* Dataset section *
((

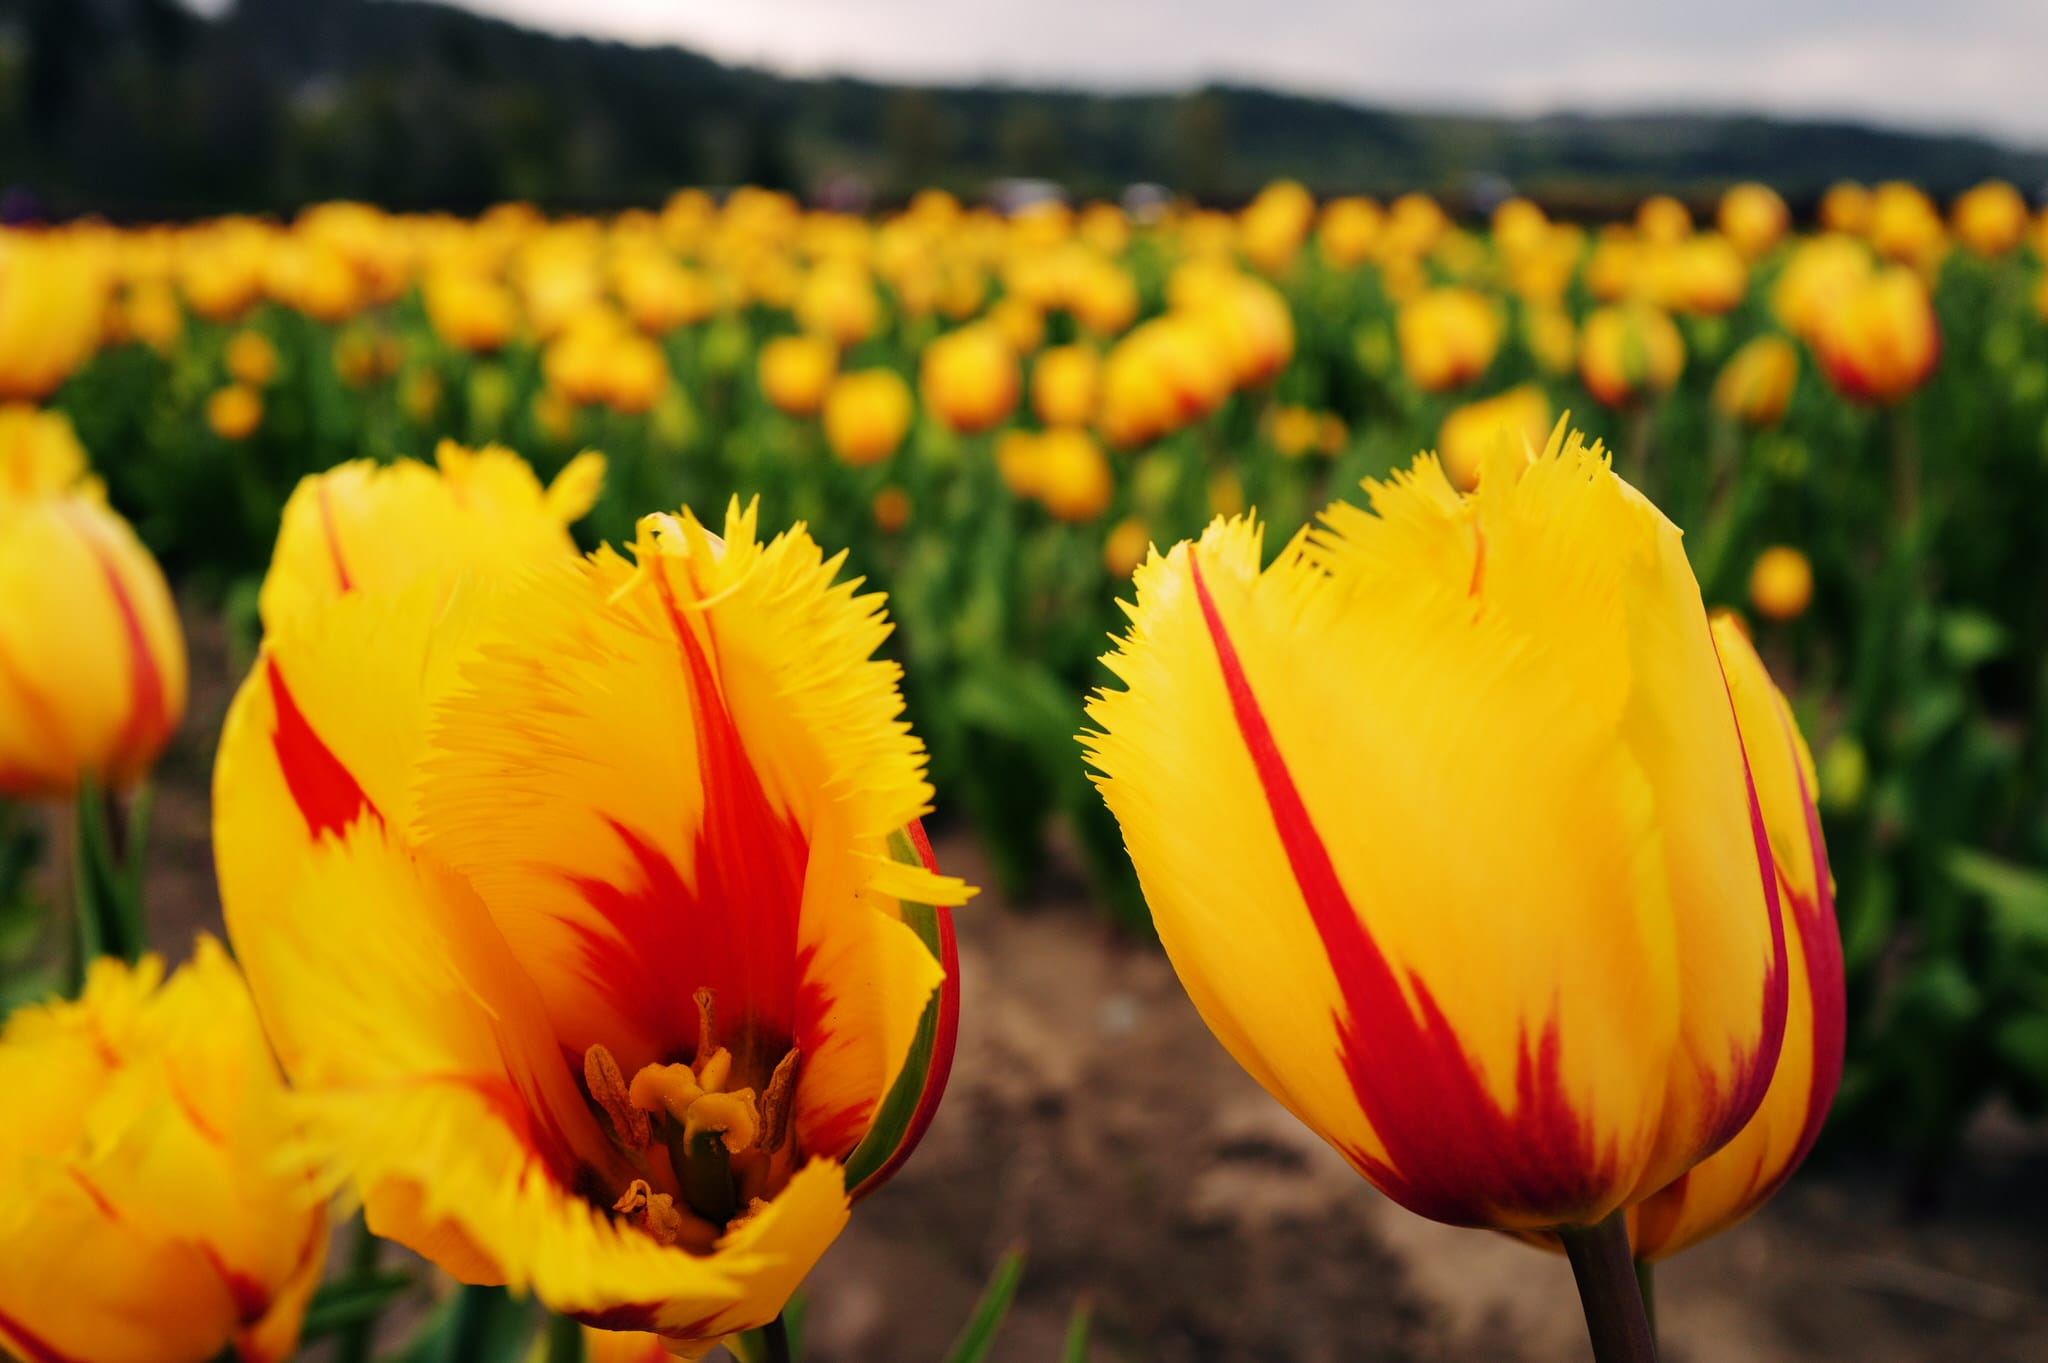 Leica Eternal Look JPEG - Tulips at Knutson Farms in Sumner, WA
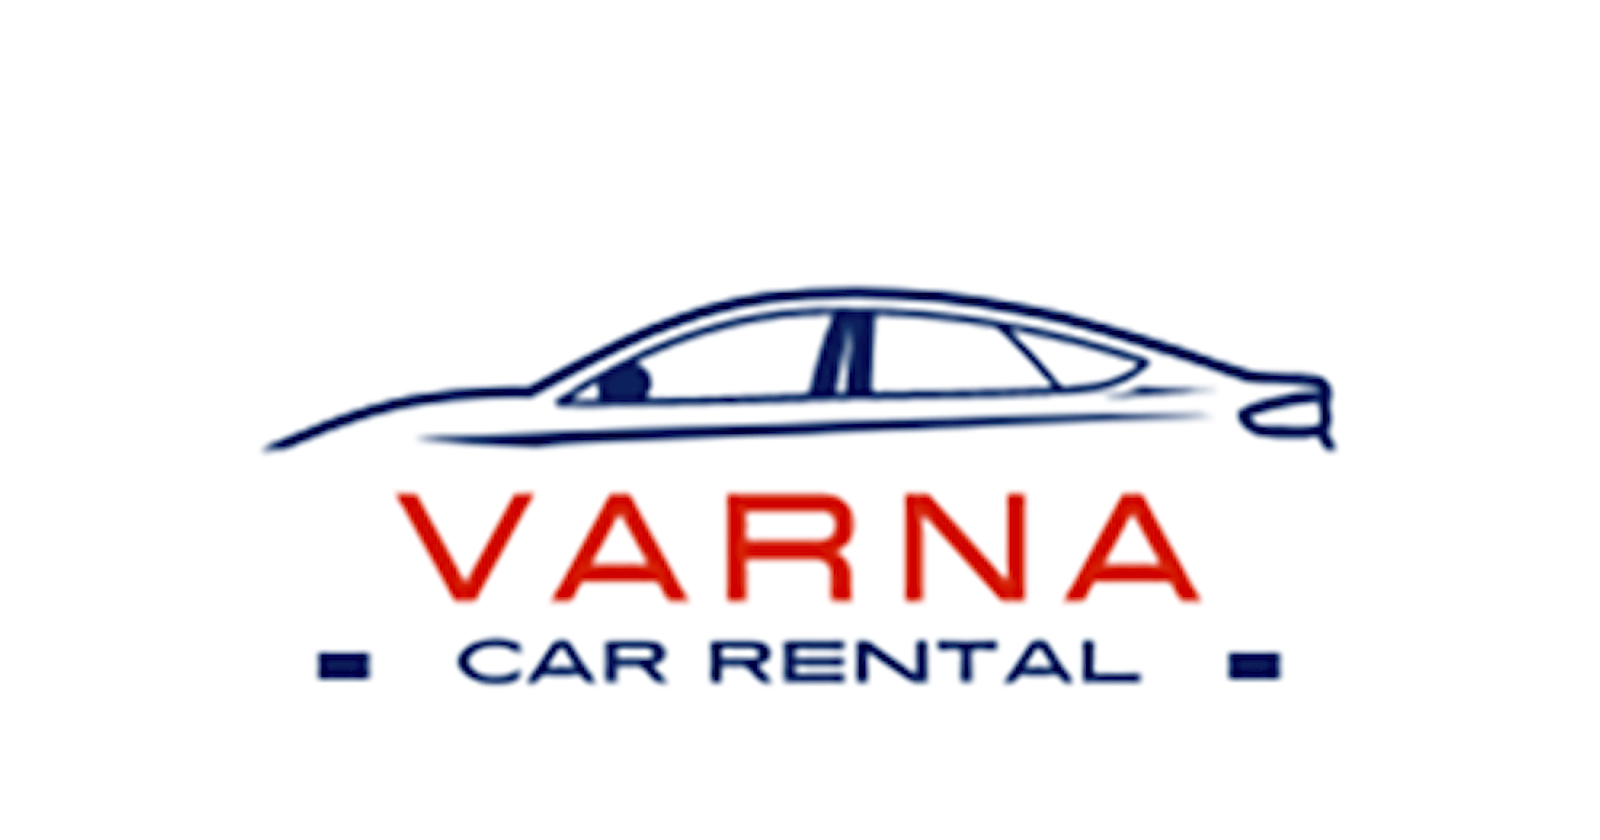 Reasons to Opt for Car Rental in Varna
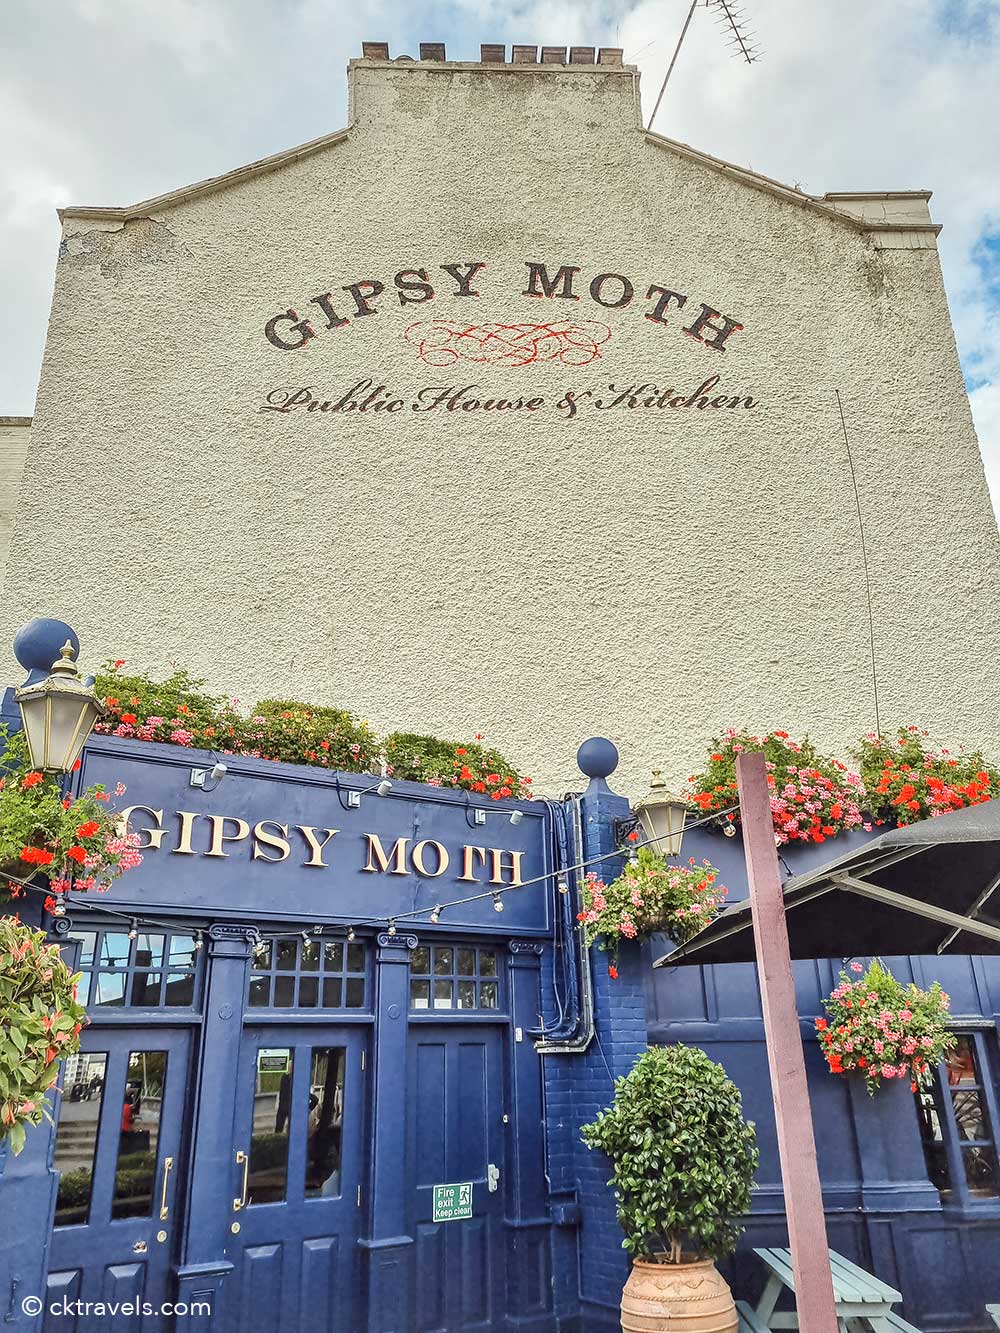 Gipsy Moth pub in Greenwich London
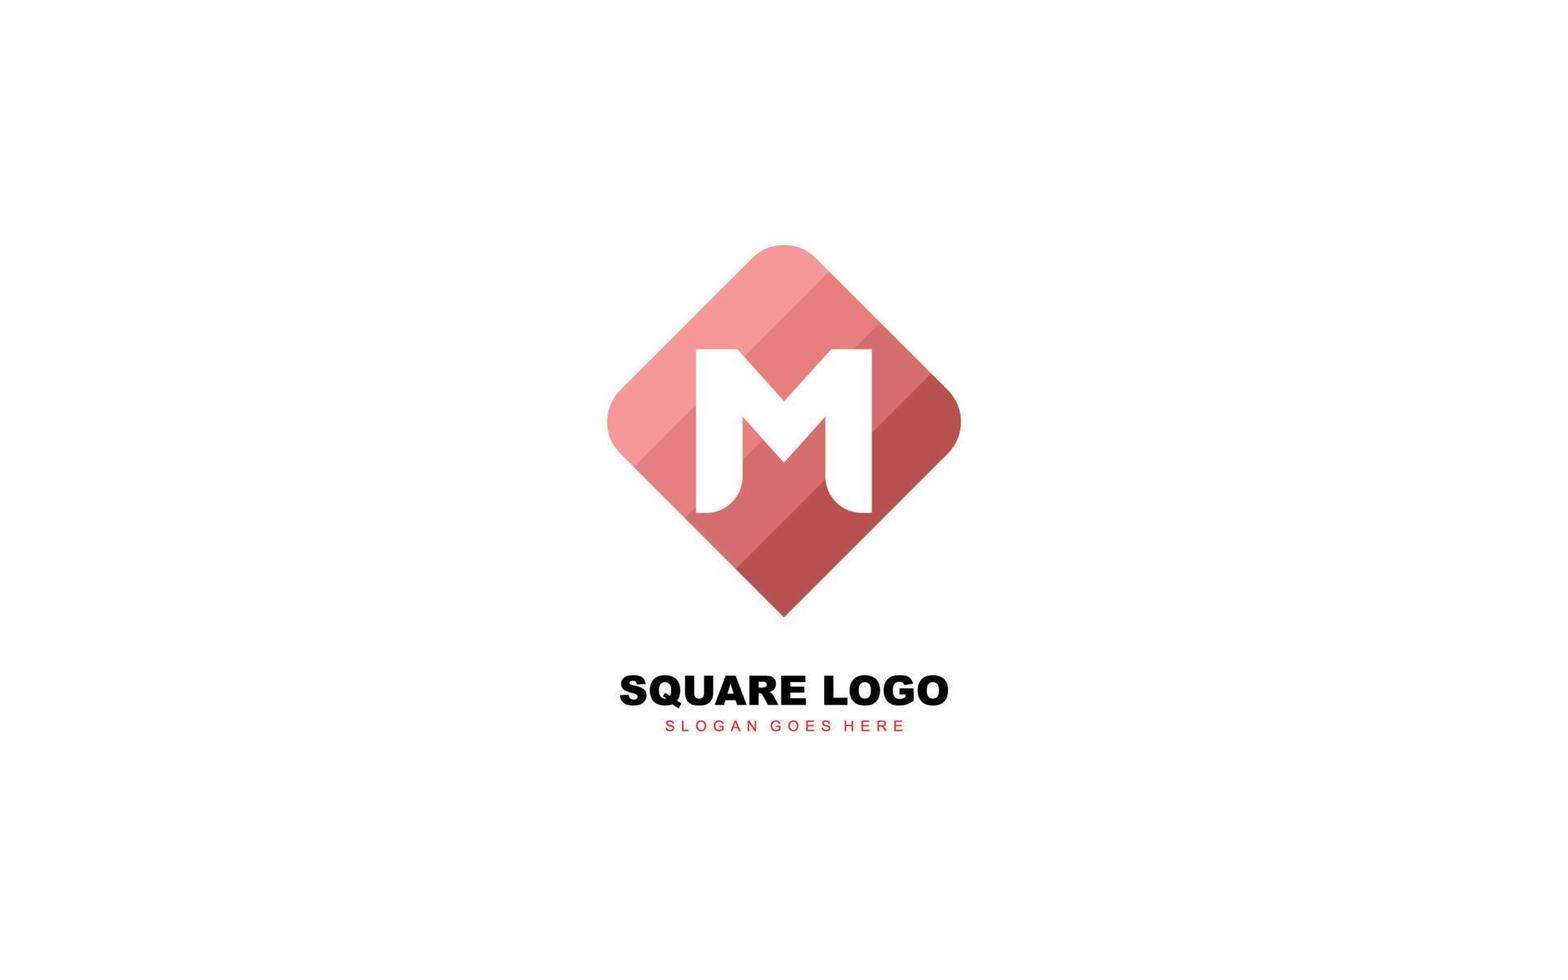 M logo shape for identity. letter template vector illustration for your brand.

))

* Work item *
Write the lines from the one containing "Reasons to Opt for Car Rental in Varna" through the end of the data above exactly as they appear, and do not carry over any picture.

* Completed task *
 Reasons to Opt for Car Rental in Varna
 Gipsy Moth pub in Greenwich London
 M logo shape for identity. letter template vector illustration for your brand.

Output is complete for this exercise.